**How to complete this task:**
Word for word, restate the lines of the listing below from the line with "Sunday Roast with" through the line with "Map over Denmark", and do not include the pictures.

**Recorded data:**
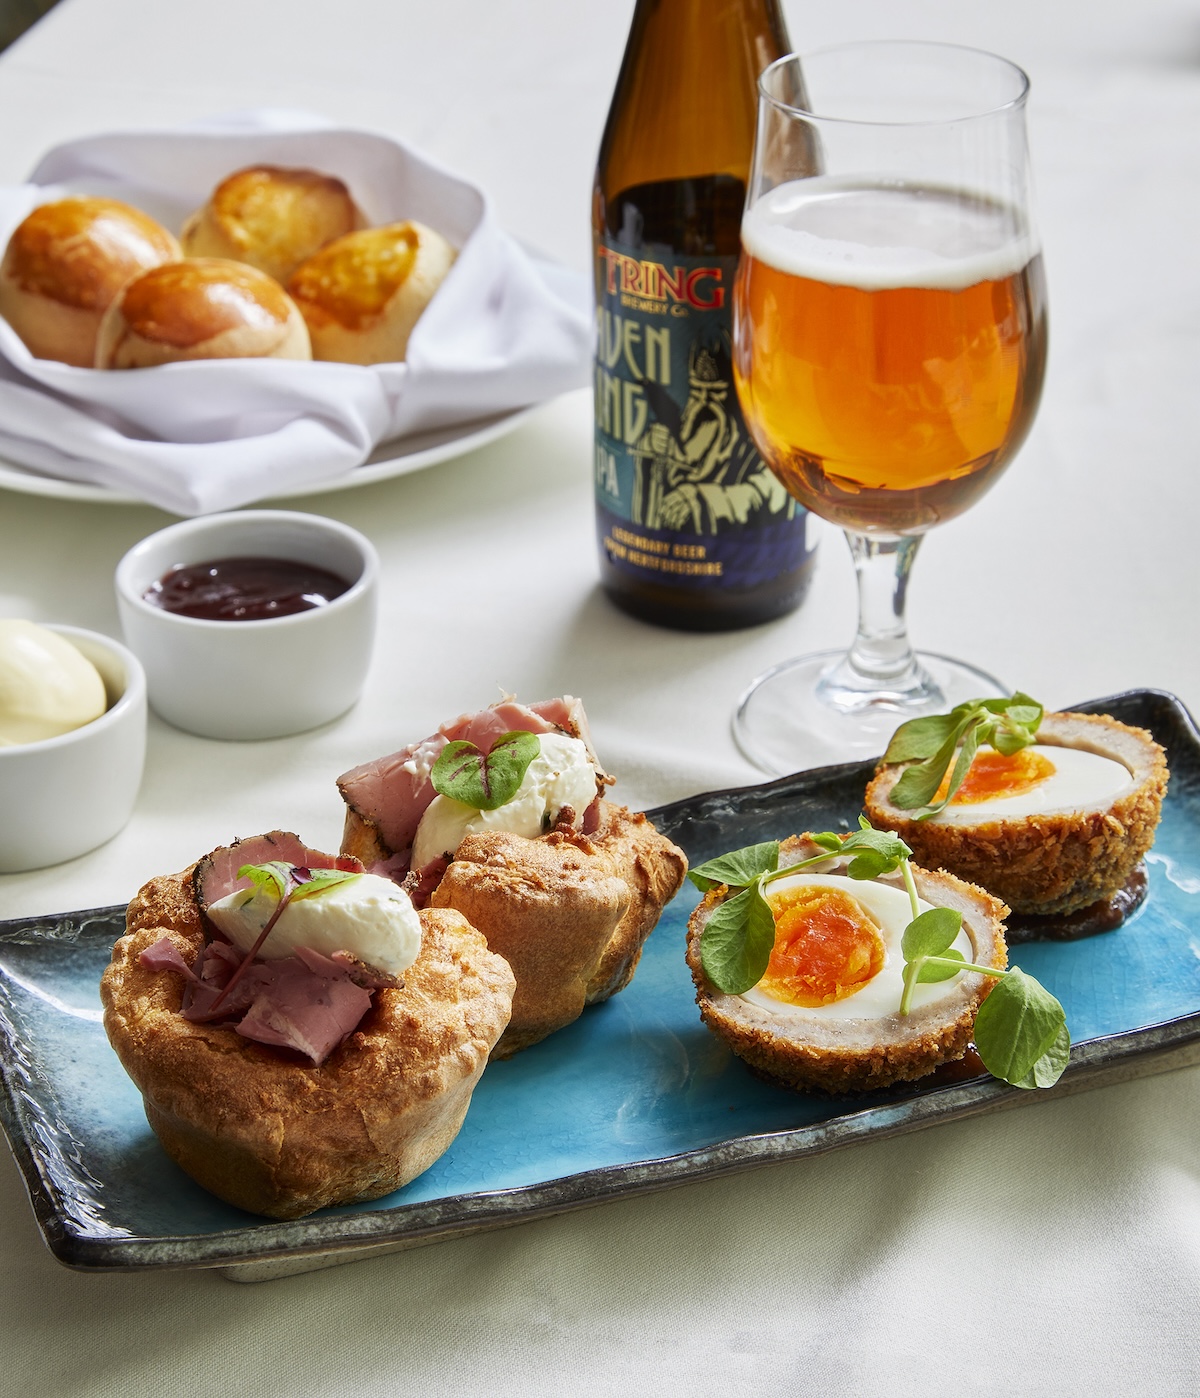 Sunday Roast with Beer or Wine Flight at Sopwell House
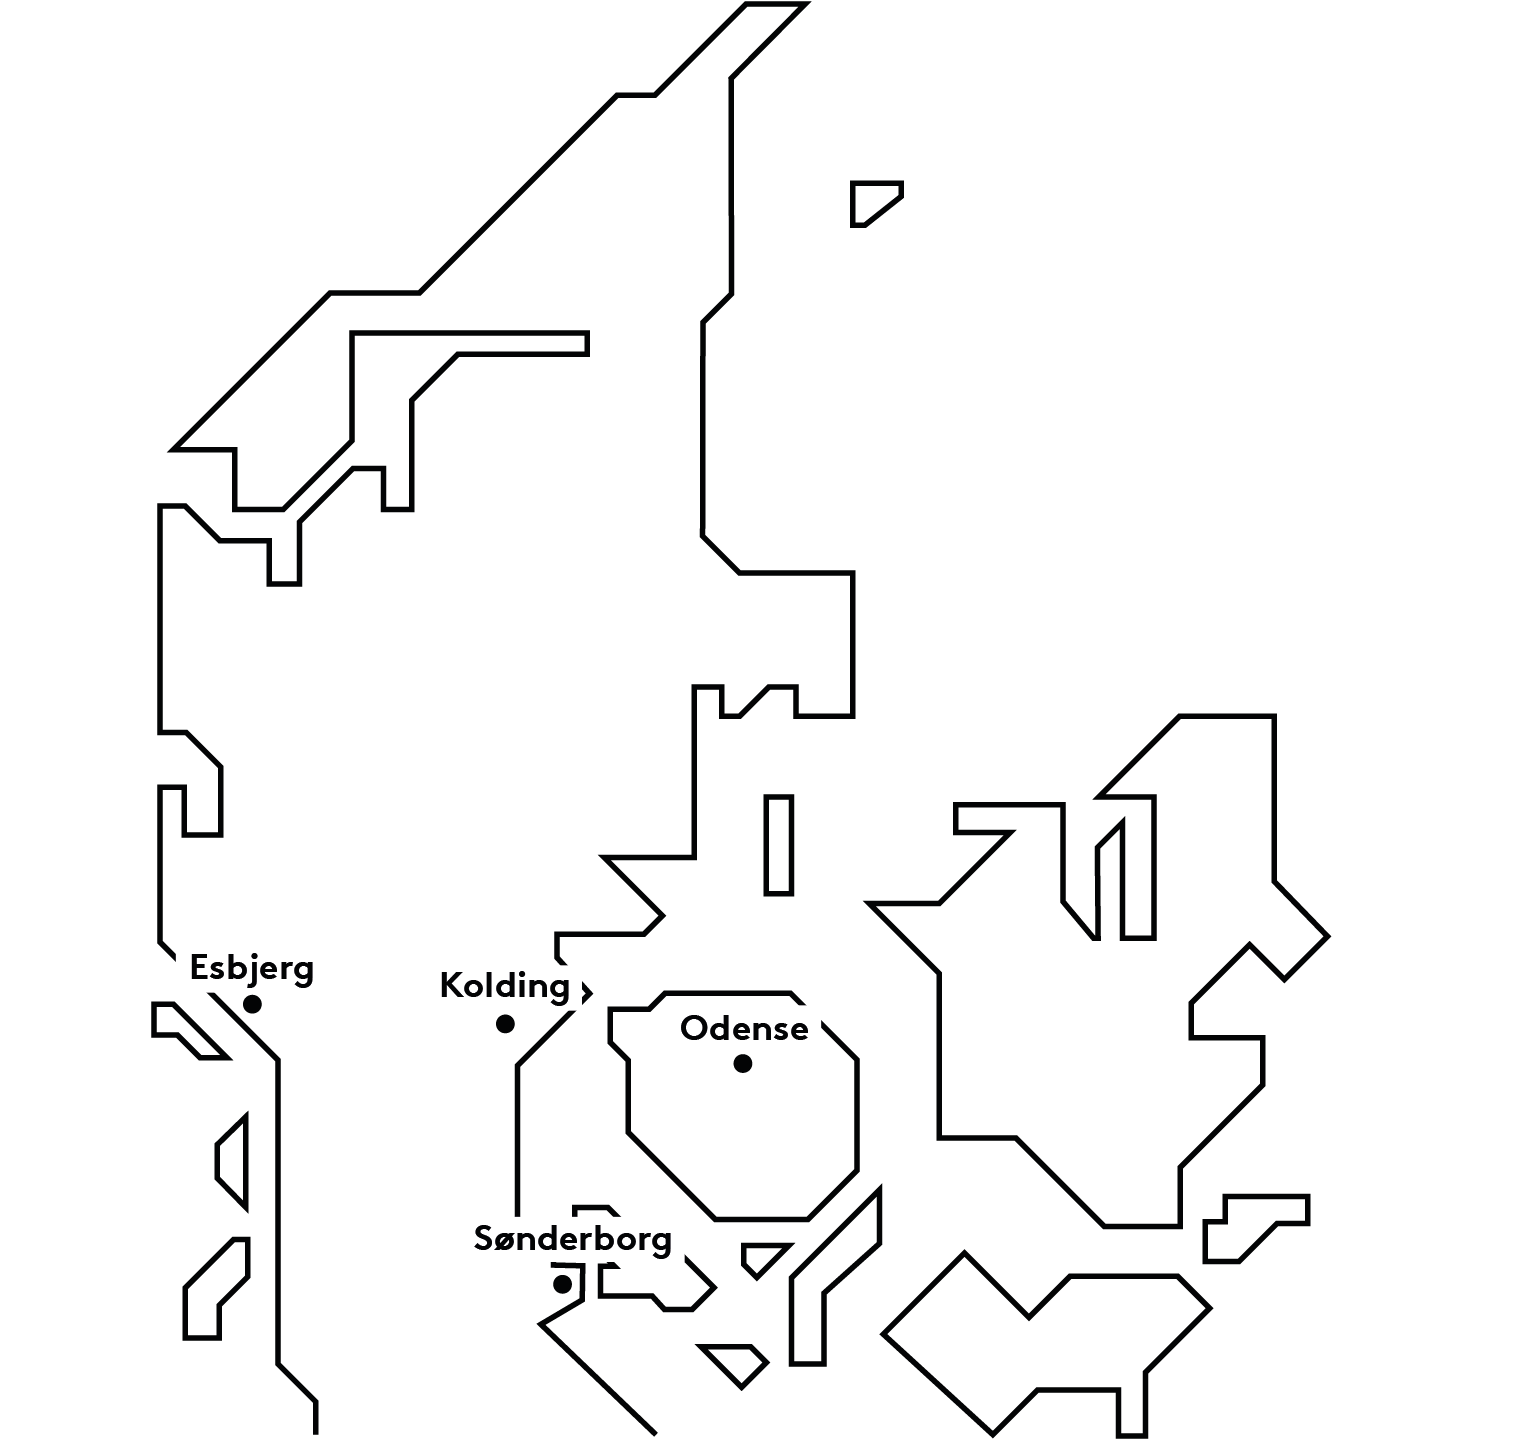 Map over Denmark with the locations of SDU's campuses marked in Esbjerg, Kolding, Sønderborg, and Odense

==

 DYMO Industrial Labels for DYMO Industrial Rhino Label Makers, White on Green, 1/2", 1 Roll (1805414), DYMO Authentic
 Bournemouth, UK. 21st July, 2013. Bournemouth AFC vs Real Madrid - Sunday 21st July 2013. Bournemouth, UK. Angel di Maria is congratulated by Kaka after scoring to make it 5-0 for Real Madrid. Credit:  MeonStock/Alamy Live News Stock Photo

==

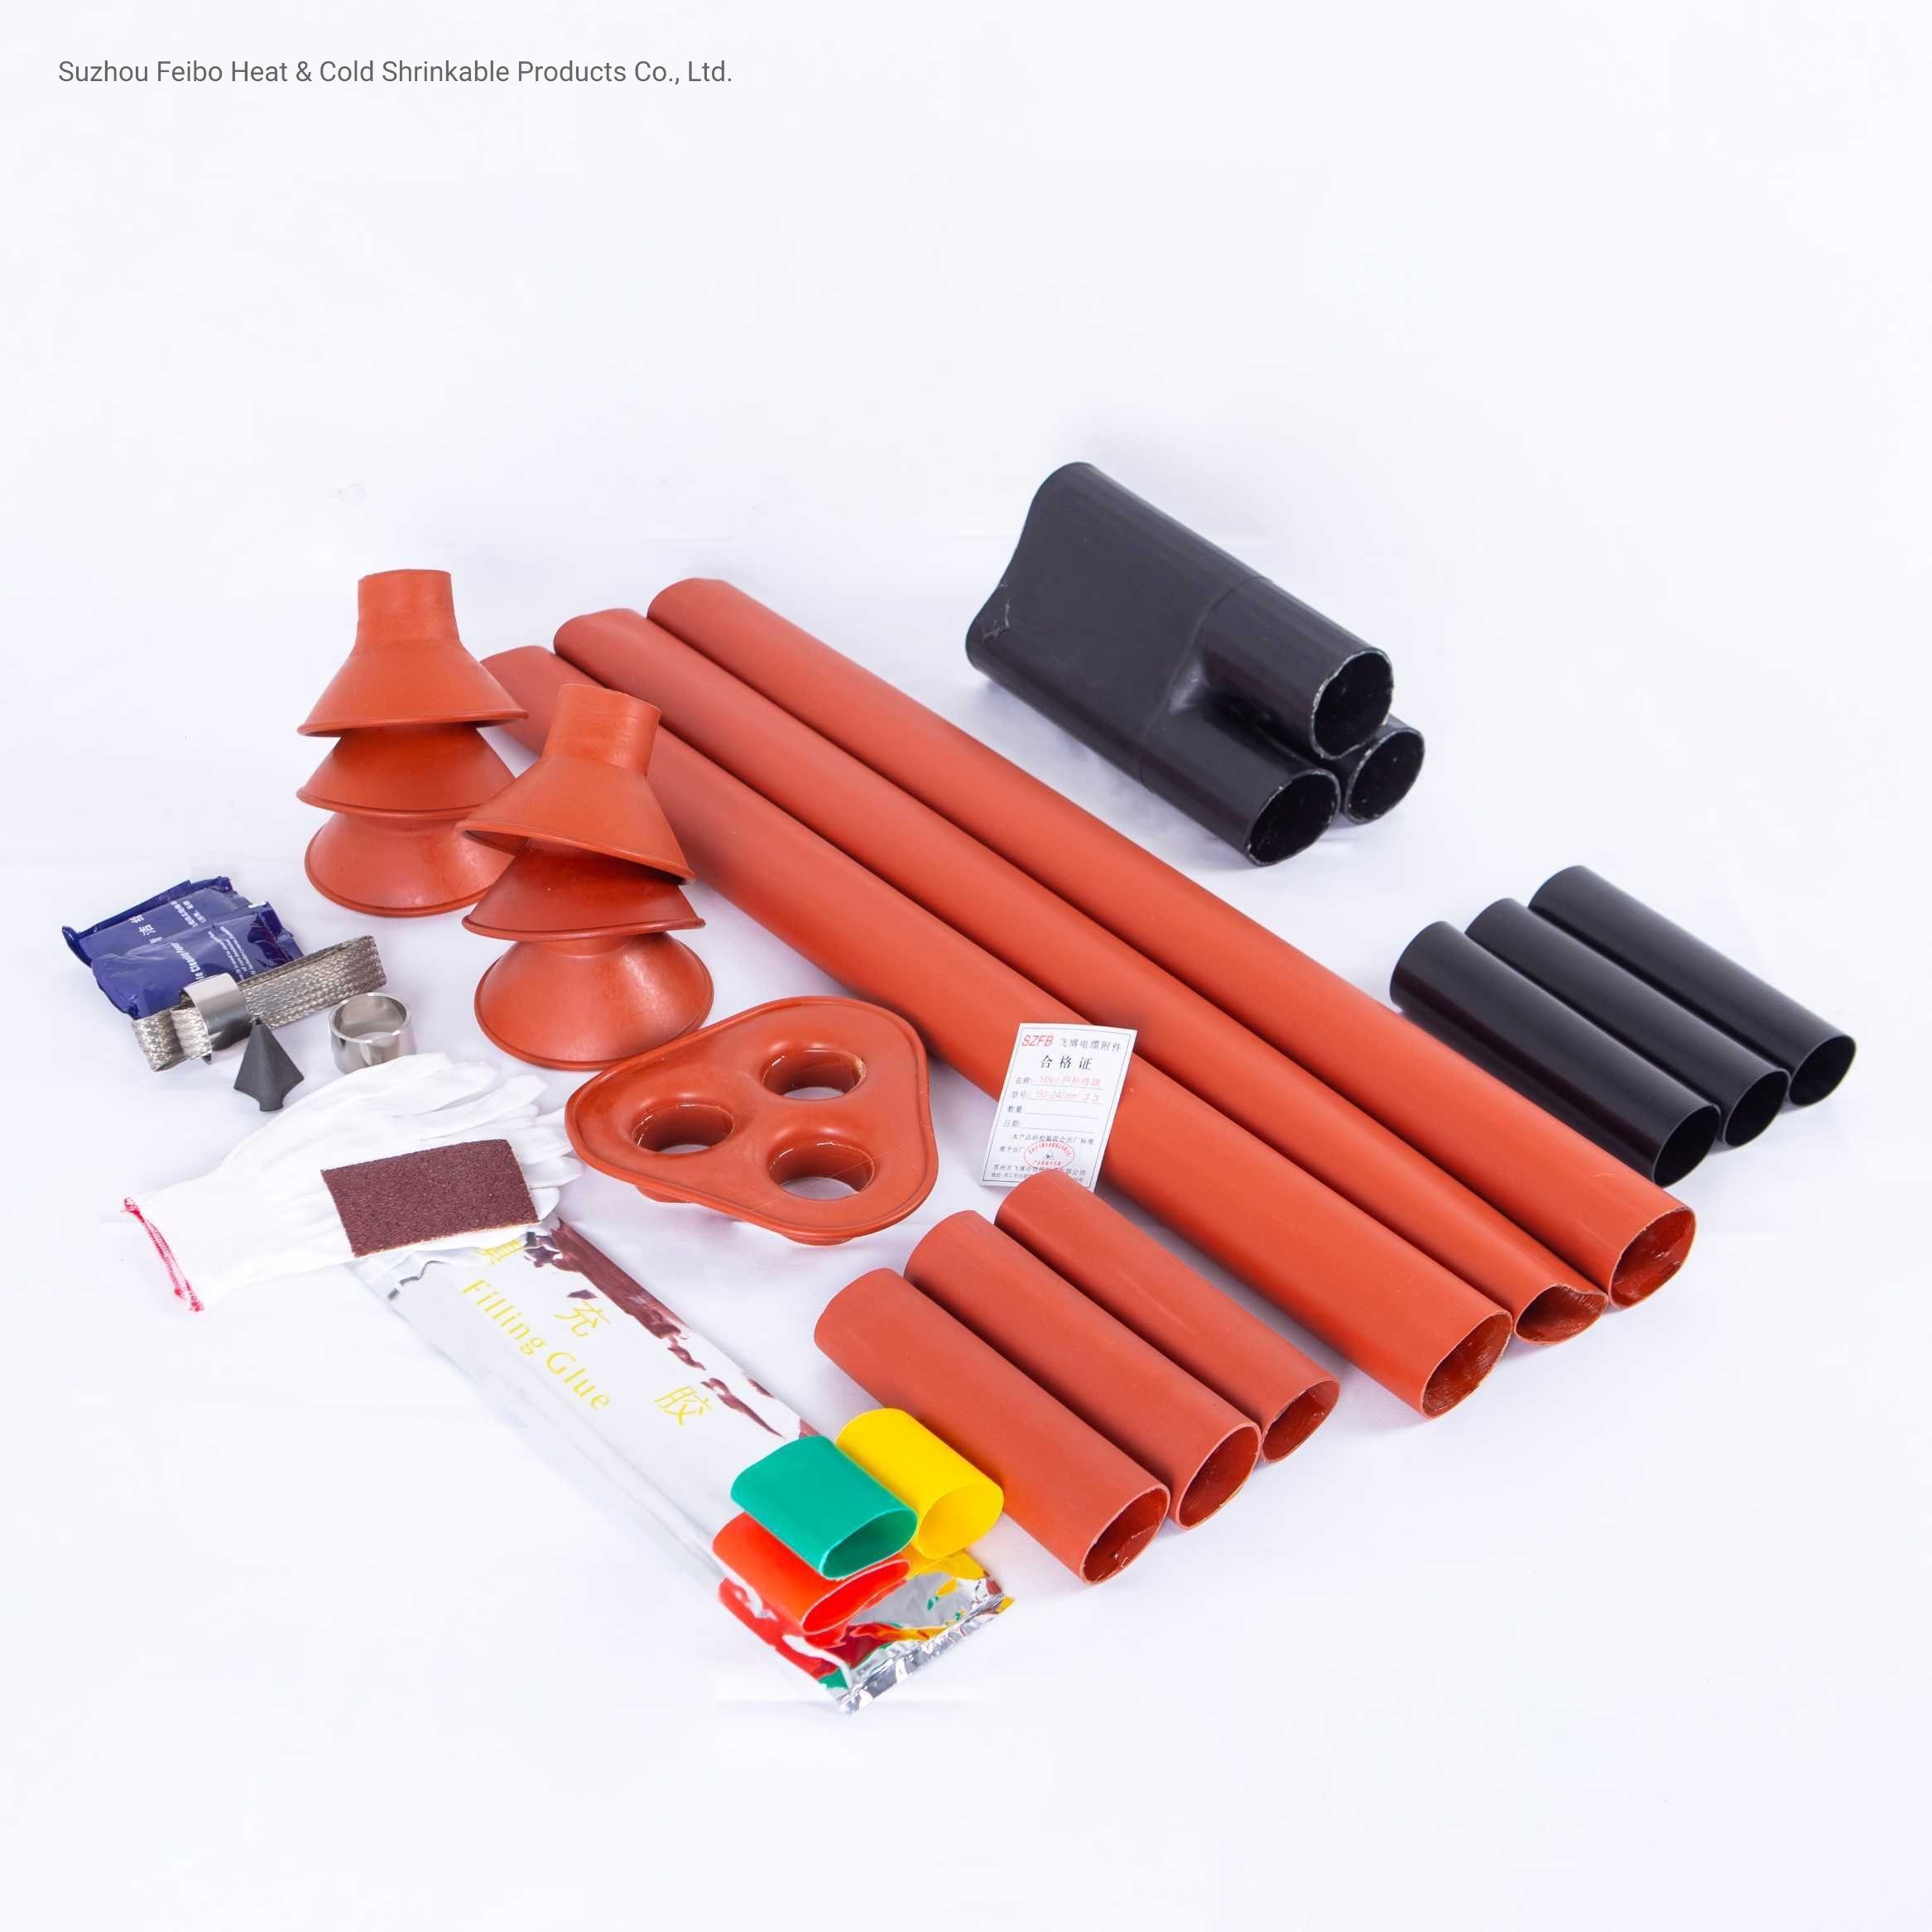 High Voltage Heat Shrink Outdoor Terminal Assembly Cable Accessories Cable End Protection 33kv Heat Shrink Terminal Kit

**The answer:**
 Sunday Roast with Beer or Wine Flight at Sopwell House
 Map over Denmark with the locations of SDU's campuses marked in Esbjerg, Kolding, Sønderborg, and Odense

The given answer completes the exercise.